Consequently, the PGM assemblies generally offered more accurate MLST profiles, highlighting the notion that the per-base accuracy may be less important when classifying H. pylori strains or looking at the relationships between them than it is when assembling and assessing complete H. pylori genomes.

"When comparing whole genomes and inferring strain-to-strain relationships, the errors would most likely be redundant and the correct relationship inferred," Perkins noted.

"[H]owever, for more detailed analysis of coding regions and potential pseudogenes, genes of biological interest, these errors are unlikely to be discovered by mass sequencing," he said.

The cost associated with each platform can also vary, depending on the experiments researchers have in mind.

At the time the experiments were performed, for instance, the cost of generating a million bases of sequence was lower using the MiSeq platform, despite higher per-run prices. For the H. pylori genome sequencing application, that meant that dozens of genomes had to be multiplexed on each MiSeq chip to see a price dip relative to the cost of PGM sequencing.

While it's tough to know whether the results of the H. pylori sequencing showdown will directly carry over to sequencing studies of other bacterial species, the researchers are optimistic that other groups will take advantage of some of the analytical approaches used in the current comparison when gauging the read quality and/or limitations associated with whatever sequencing platforms they select.

"[W]e hope our analyses could be utilized to study the accuracy of assemblies for other bacteria," Perkins told IS, adding, "Many groups are sequencing genome after genome with little thought of the accuracy of assemblies or missing regions. We certainly had inaccuracies and non-covered regions in our controls."

Going forward, the University of Western Australia team is eager to try to discern the extent of the variation present in H. pylori by using genome sequencing to look at everything from shared core genome sequences present across different H. pylori strains to variable regions and sequences contributing to host adaptation.

"We have a large collection of strains," Perkins noted, "and we intend to start looking for the limit of diversity of this fascinating pathogen."
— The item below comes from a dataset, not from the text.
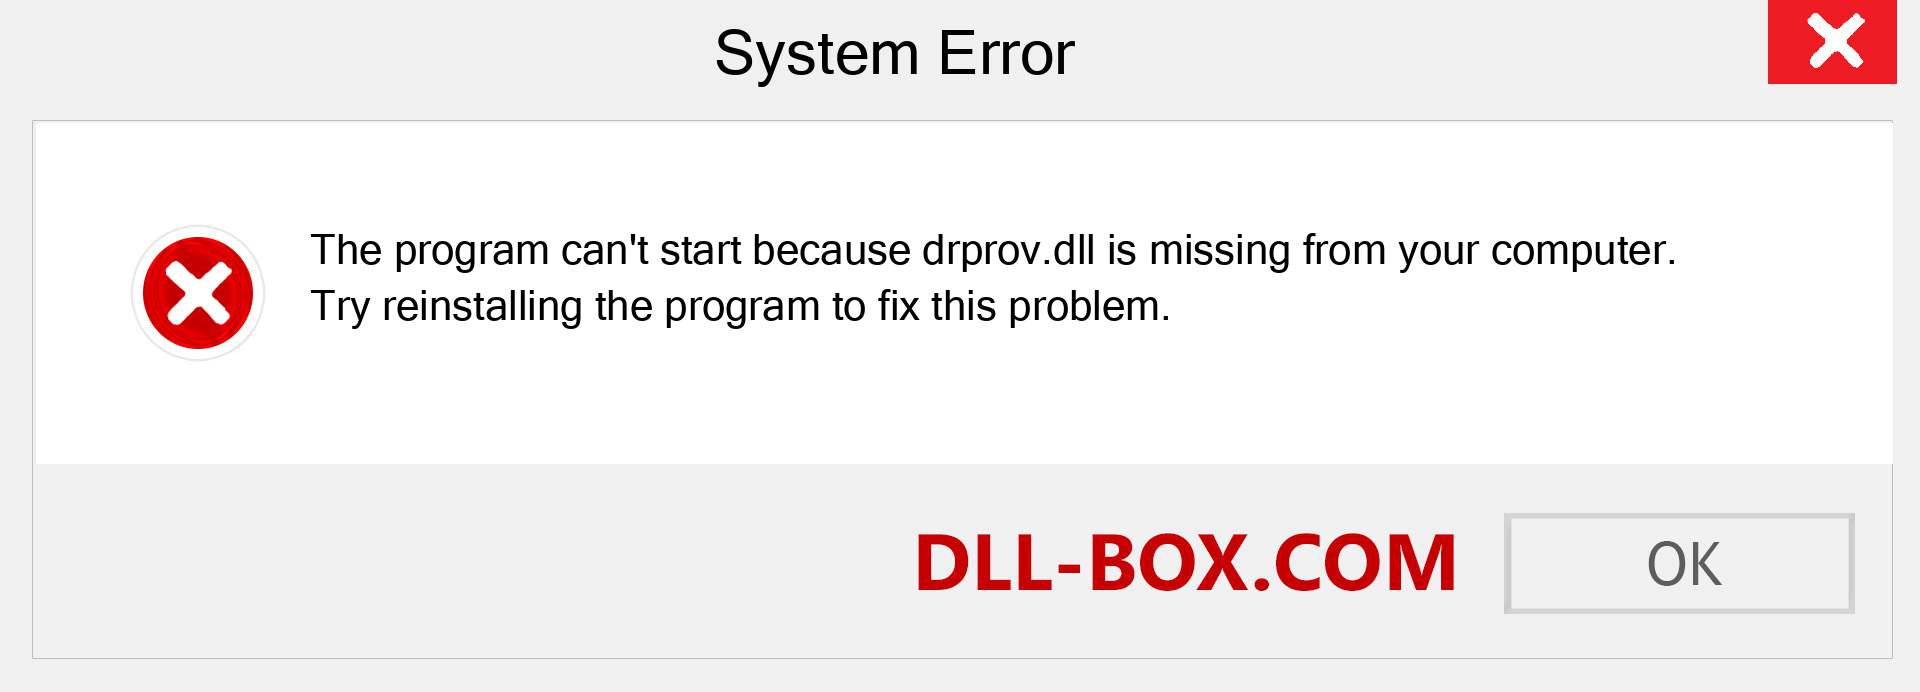  drprov.dll file is missing?. Download for Windows 7, 8, 10 - Fix  drprov dll Missing Error on Windows, photos, images

The team doesn't currently plan to do additional comparisons of new sequencing technologies as they become available, since it is not based at a genome sequencing center. Nevertheless, Perkins noted that the group has taken a crack at using a MiSeq 250 base pair Nextera XT protocol, which is generating promising data so far.

For most of their genome assemblies, the researchers are currently using the CLC assembler from CLC Bio, which made it possible to pick up H. pylori aptA gene sequences missed in assemblies generated from MiSeq reads using Velvet assembly software.

Even so, Perkins noted that the group is "constantly on the lookout for better algorithms, particularly now [that] read lengths are increasing."